Years later they appeared other scattered bonesincluding a femur, which probably belonged to the same person. Analysis suggests that she was a young woman, possibly of Chilean origin, whose death occurred sometime between 1819 and 1825.
The chronology turns the discovery into a puzzle. The problem is not only who that woman was, but when she died. The first confirmed observation of Antarctica is usually attributed to the Russian expedition of Fabian Gottlieb von Bellingshausen in 1820.
If the dating of the remains is correct, the woman lived exactly during the period in which the first expeditions were just beginning to approach the continent. This temporal coincidence makes it extremely difficult to explain how he ended up in one of the most inhospitable regions on the planet.

The first Russian expedition to Antarctica (1819-1821)
The hypotheses and the mystery. Researchers are considering several possibilities. The first suggests that he could be part of a group of seal hunters from the 19th century who abandoned it after his death. The second proposes that she died on board a ship, was buried at sea (as was common then) and that the currents, together with scavenging birds, They would later disperse their remains to the beach where they were found.
None of these explanations have been proven and, four decades after the discovery, new remains have still not appeared that would allow us to reconstruct what happened.
The alternative. While that enigma remains open, another study invites us to review another of the great certainties about the continent.
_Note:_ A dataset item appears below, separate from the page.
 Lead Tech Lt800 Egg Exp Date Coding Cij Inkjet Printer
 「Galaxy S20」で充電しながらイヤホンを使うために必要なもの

Researchers at the University of Otago maintain that Polynesian sailors, and in particular the explorer Hui Te Rangiorathey were able to reach the Antarctic waters already in the 7th century.
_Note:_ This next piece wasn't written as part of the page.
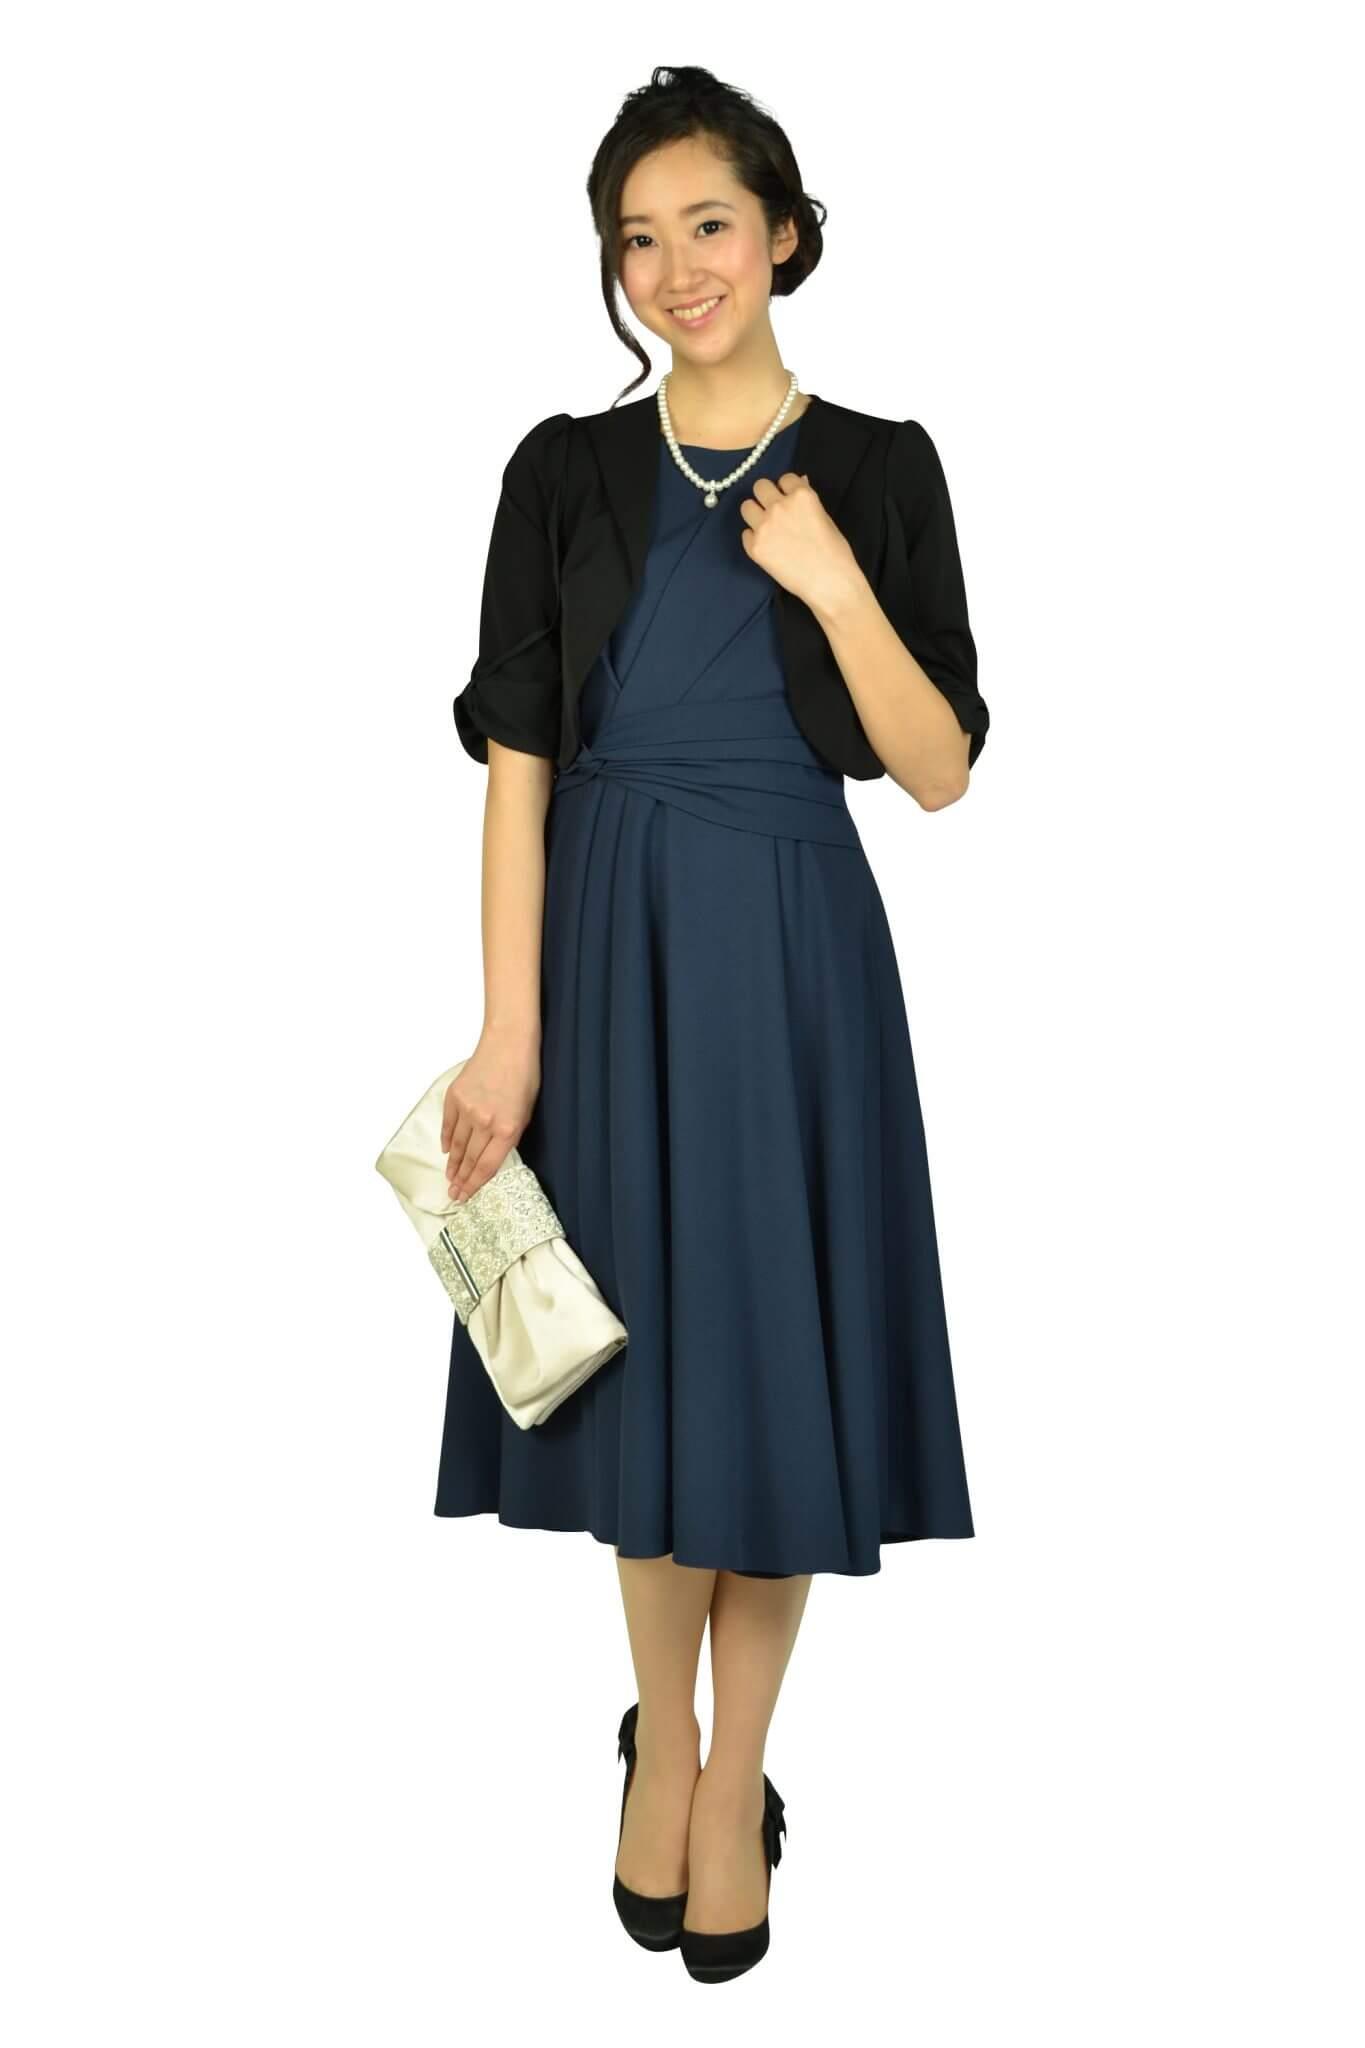 アナトリエ (anatelier)ウエストマーク編み上げネイビードレス

The hypothesis is supported by Maori oral traditions which describe a frozen ocean, large masses of ice and a dark, fog-covered landscape, descriptions that some specialists consider compatible with the Southern Ocean.
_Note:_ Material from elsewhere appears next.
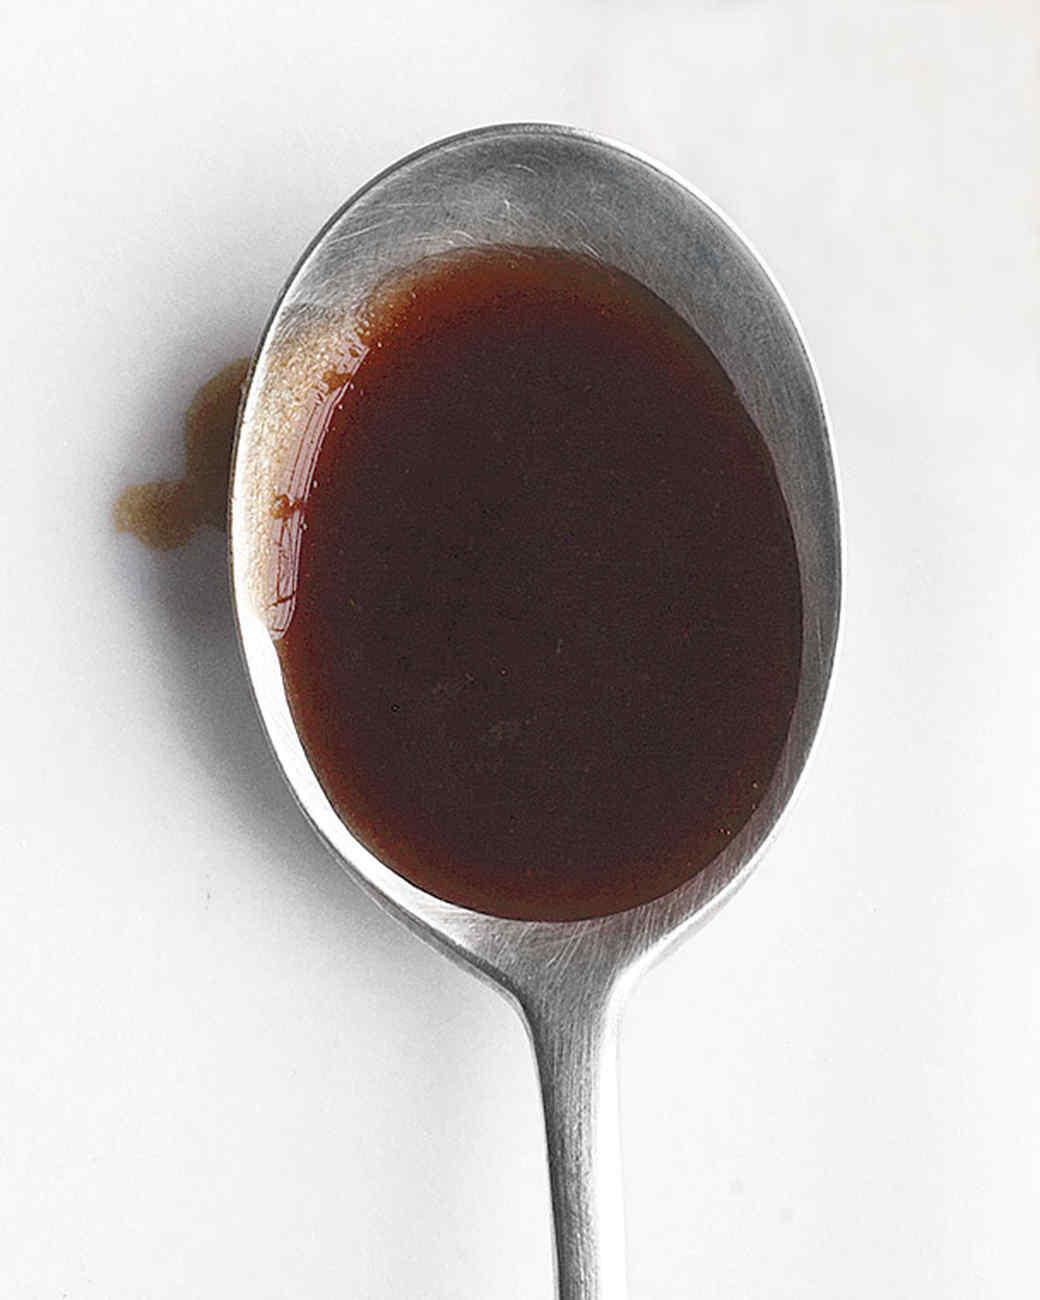 honey-balsamic-vinaigrette-0511med106942.jpg

Between legends and archaeological evidence. The authors of the study make it clear that these traditions do not constitute a definitive demonstration that the Maori ever contemplated Antarctica. However, they do question the idea that the history of the continent began exclusively with European expeditions of the 19th century and claim the role of indigenous traditions in the reconstruction of the great oceanic explorations.
If this interpretation ends up being confirmed, the first human contact with the southern tip of the planet would be more than a thousand years ago to what usually appears in history books.
Two investigations that force us to look with different eyes. The two studies They speak of very different times, but they converge on the same conclusion: we still know surprisingly little about the first human contacts with the most isolated continent on Earth. One suggests that Polynesian navigators could have arrived much earlier than previously believed. The other remembers that the oldest human remains found there belong to a woman whose presence remains extraordinarily difficult to explain.
Two centuries after his death, the biggest mystery is not who he was, but why he appeared on the only continent where, quite simply, no one expected to find it.